Legislative Service Commission
126th General Assembly
(As Passed by the Senate)
Sens. Wachtmann, Hagan, Gardner, Mumper, Clancy, Amstutz, Austria, Carey, Niehaus, Padgett, Schuring, Jordan, Harris, Zurz, Schuler, Armbruster, Brady, Cates, Coughlin, Dann, Fedor, Fingerhut, Goodman, Grendell, Hottinger, Jacobson, Mallory, Miller, Prentiss, Roberts, Spada, Wilson
Background: services provided by residential care facilities
(R.C. 3721.01 (not in the bill); O.A.C. 3701-17-50 through 3701-17-68)
Residential care facilities are licensed by the Ohio Department of Health (ODH) to provide accommodations, supervision, and personal care services to unrelated individuals who are dependent on the services of others by reason of age or physical or mental impairment. Personal care services include assisting residents with activities of daily living, assisting residents with self-administration of medication, and preparing special diets (other than complex therapeutic diets) pursuant to the instructions of a physician or a licensed dietitian.
A residential care facility is permitted to provide a limited amount of skilled nursing care to its residents. Skilled nursing care is any procedure that requires technical skills and knowledge beyond those the untrained person possesses and that are commonly employed in providing for the physical, mental, and emotional needs of the ill or otherwise incapacitated. Specifically, a residential care facility may provide skilled nursing care as follows:
(1) Supervision of special diets;
(2) Application of dressings;
(3) Medication administration;
(4) Other skilled nursing care, but only if the care will be provided to a resident on a part-time intermittent basis for not more than 120 days in any 12-month period. The care may be provided by a home health agency, hospice care program, or qualified member of the facility's staff.
Hospice care in residential care facilities
(R.C. 3712.01 (not in the bill) and 3721.011)
The bill permits a residential care facility to admit and retain as a resident a hospice patient who requires skilled nursing care for more than 120 days in a 12-month period if the facility has entered into a written agreement with a hospice care program licensed by the Ohio Department of Health. "Hospice patient" has the same meaning as in the hospice licensing law: "a patient who has been diagnosed as terminally ill, has an anticipated life expectancy of six months or less, and has voluntarily requested and is receiving care from a person or public agency licensed by the Department of Health to provide a hospice care program."
The agreement required by the bill must include all of the following provisions:
(1) That the hospice patient will be provided skilled nursing care in the facility only if a determination has been made that the patient's needs can be met at the facility;
(2) That the hospice patient will be retained in the facility only if periodic redeterminations are made that the patient's needs are being met at the facility;
(3) That the redeteminations will be made according to a schedule specified in the agreement;
(4) That the hospice patient has been given an opportunity to choose the hospice care program that best meets the patient's needs.

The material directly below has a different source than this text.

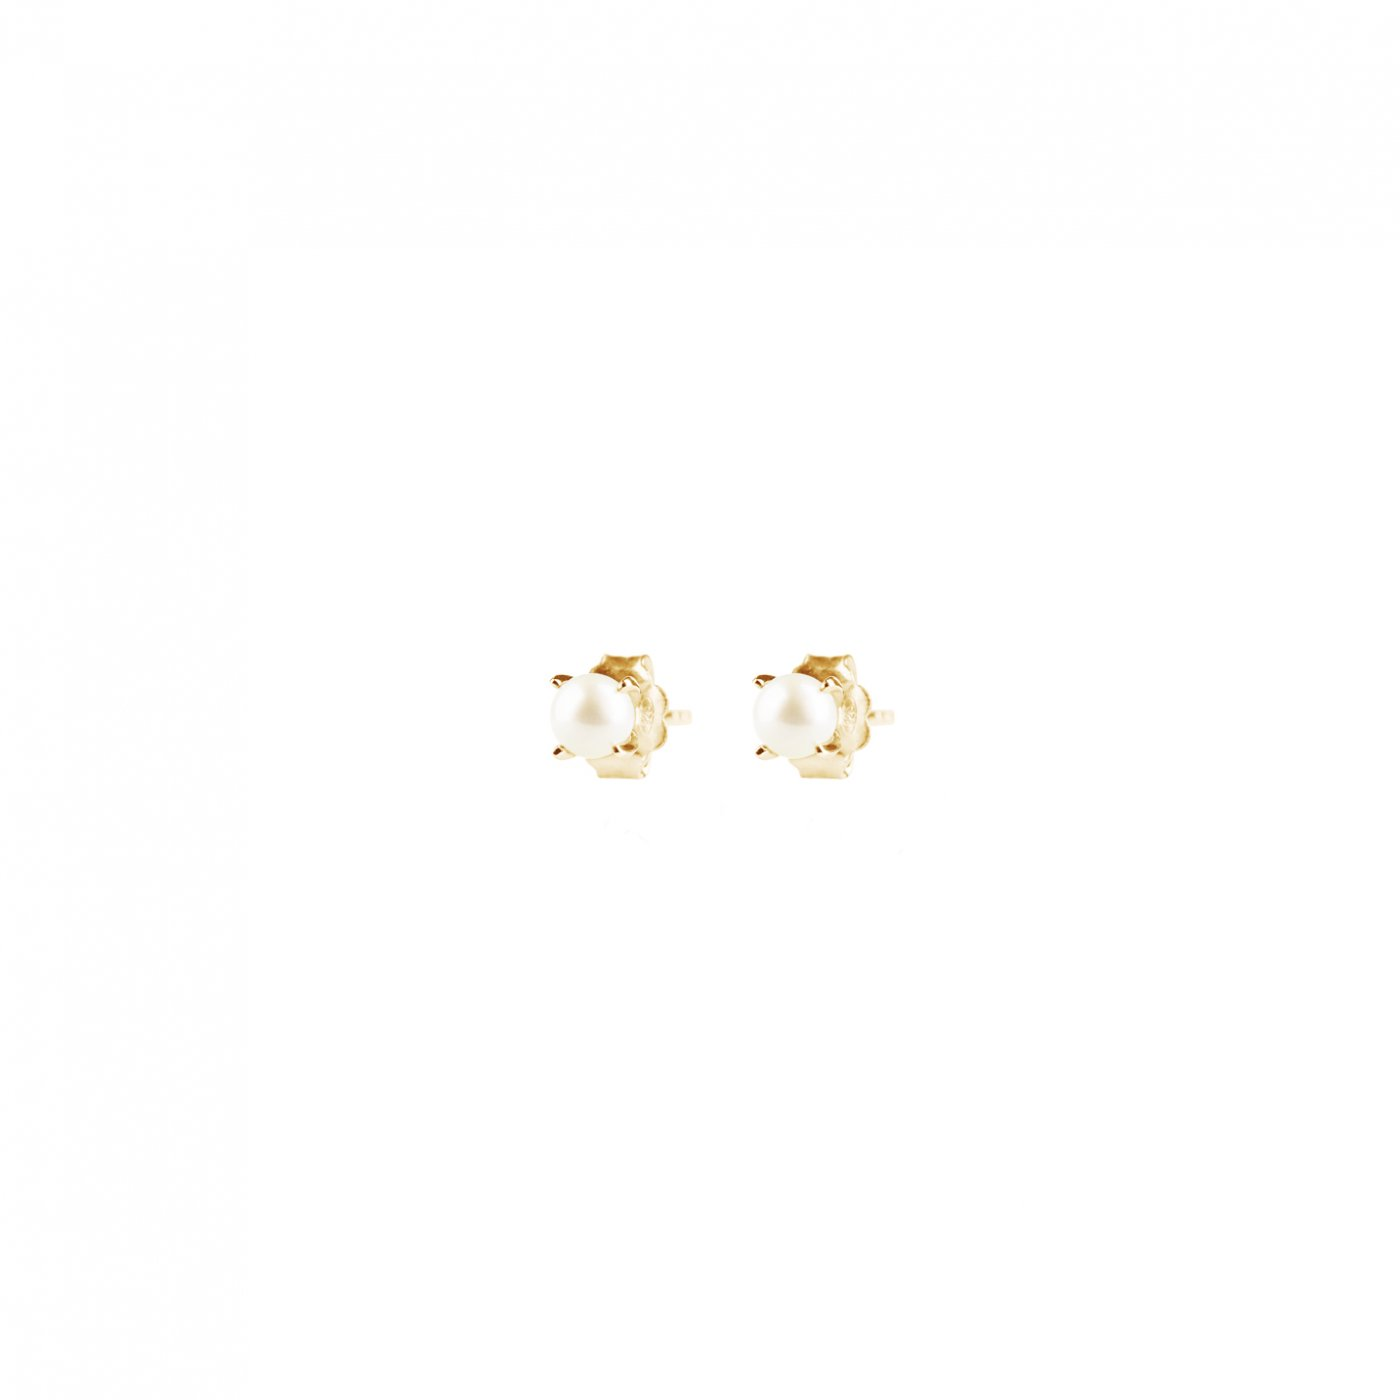 petite-pearl-studs-gold-1400x1400

The Public Health Council is required by current law to adopt rules governing the operation of residential care facilities. In adopting rules regarding the number and qualifications of personnel, the Council must take into consideration the effect of provision of personal care services and intermittent skilled nursing care on the number of personnel needed. The bill requires that the Council also consider the effect of provision of skilled nursing care to hospice patients who require the care for more than 120 days.
 Residential care facilities are often referred to as assisted living facilities.
 In contrast, a nursing home may provide unlimited skilled nursing care. Nursing homes are also licensed by ODH.
 Supervision of special diets is identified as a type of skilled nursing care; preparation of special diets, other than complex therapeutic diets, is identified as a personal care service (R.C. 3721.01, not in the bill).
 A hospice care program may provide the following: nursing care by or under the supervision of a registered nurse; physical, occupational, or speech or language therapy; medical social services by a social worker under a physician's direction; home health aide services; medical supplies, including drugs and biologicals, and the use of medical appliances; physician services; short-term inpatient care, including both pain relieving and respite care and procedures; counseling; and bereavement services for patient's family.